Where you are today is the result of choices you made in the past.
Where you will be tomorrow will be the result of the choices you make today.




Here’s what it means to me:


We tell ourselves things about ourselves all the time as if they are set in stone.  Stuff like…


“I’m terrified of putting myself out there and being judged….”
“I’m not disciplined enough to write every day….”
“I’m too shy to ever speak in public…”
“I’m not meant to stand out or be famous.  That’s for other people, but not me…..”
“I’m too old to succeed….”
“I’m not educated enough to succeed….”
“I’m not talented enough to succeed….”


                                                        and on and on and on.


We view these statements as objective truths, as if someone out there has decreed them and we have no choice but to live our lives in accordance with them.


But wait — that’s really not at all true!    We are the ones who have decreed these things, and we are the ones who choose to remember them every day and live small lives as a result of these phony beliefs.

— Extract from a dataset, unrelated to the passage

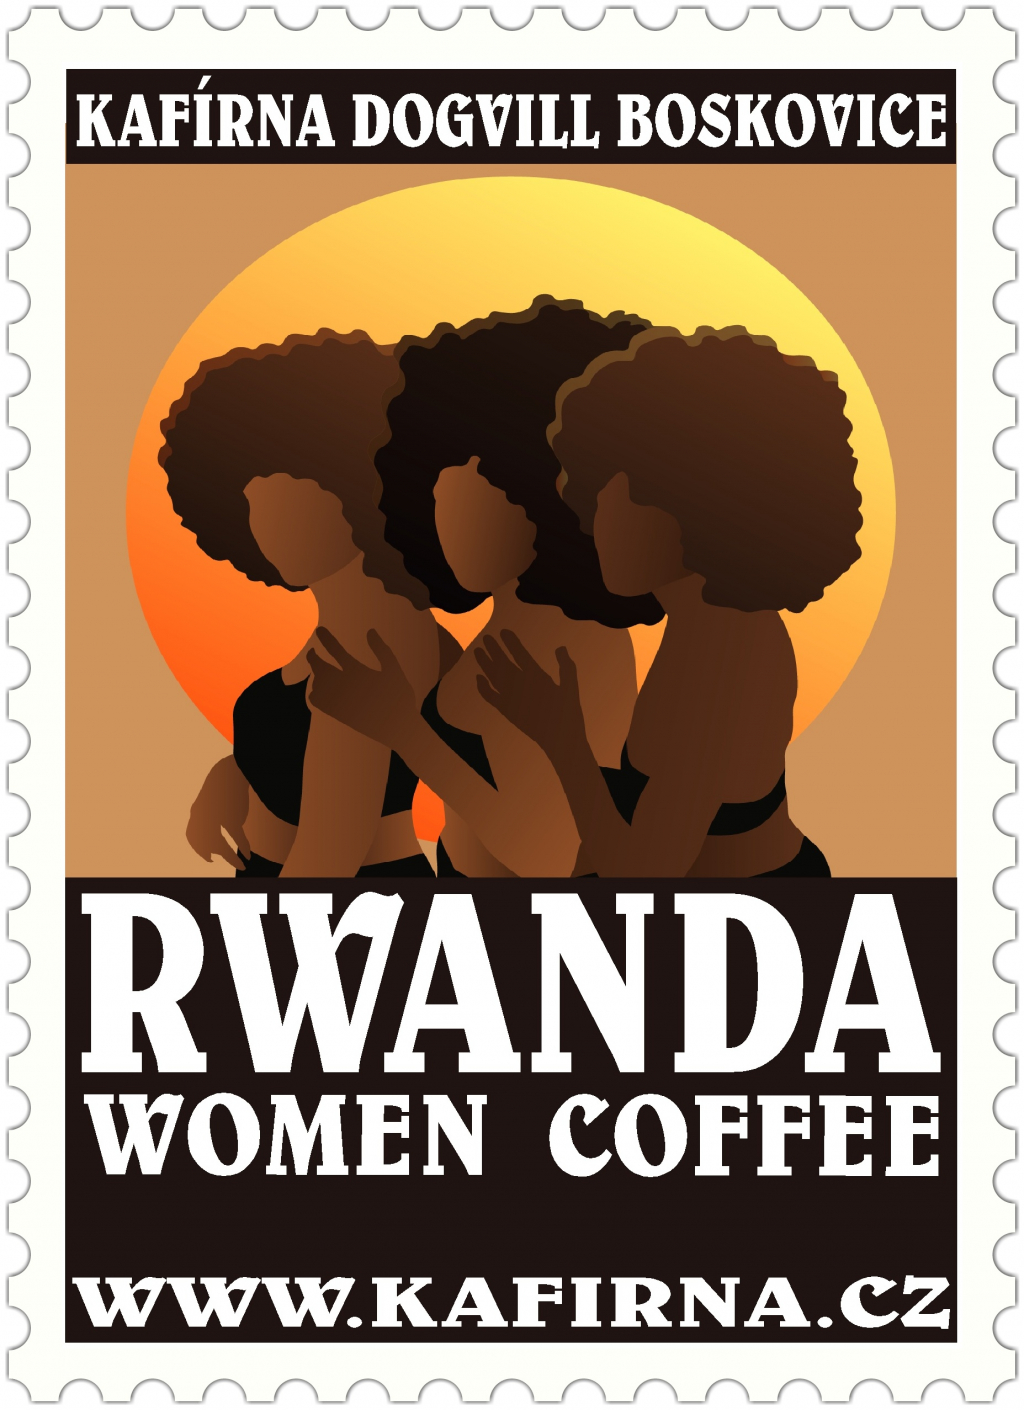 RWANDA Women Coffee

And — here’s the key thing — if we choose to believe them, we can also choose to discard them!


Since hearing Hal say that, I’ve started making a list of the “truths” about myself that I’ve always believed – just 5 minutes here and there as they occur to me.


Things about my commitment to health, success and living a bigger life that have kept me from reaching my potential.  Stuff that was ingrained in me at a young age by things people may have said, and things that I’ve told myself over the years to stay inside my comfort bubble.


And, for each one, I’m simply asking:


  • Is this actually true or is it a false belief that I can discard?
  • How can I choose today to leave this belief behind and move forward boldly?


It’s an exciting process, and very, very illuminating.   I invite you to do the same as you think ahead toward the New Year.


You might just find that most of the “facts” you’ve come to believe about yourself are little more than falsehoods that you choose to believe about yourself.


Try leaving them in the dust and choosing something different, and watch your career — and your life — blossom.




PS:  I have a hidden motive for talking to you about this.  As writers for children and teens you are uniquely capable of sharing this thinking with young people, who can benefit greatly from leading lives without phony self-limiting beliefs.  How can you inform your writing with this message, and spark your readers on to great things?


Something to ponder, isn’t it?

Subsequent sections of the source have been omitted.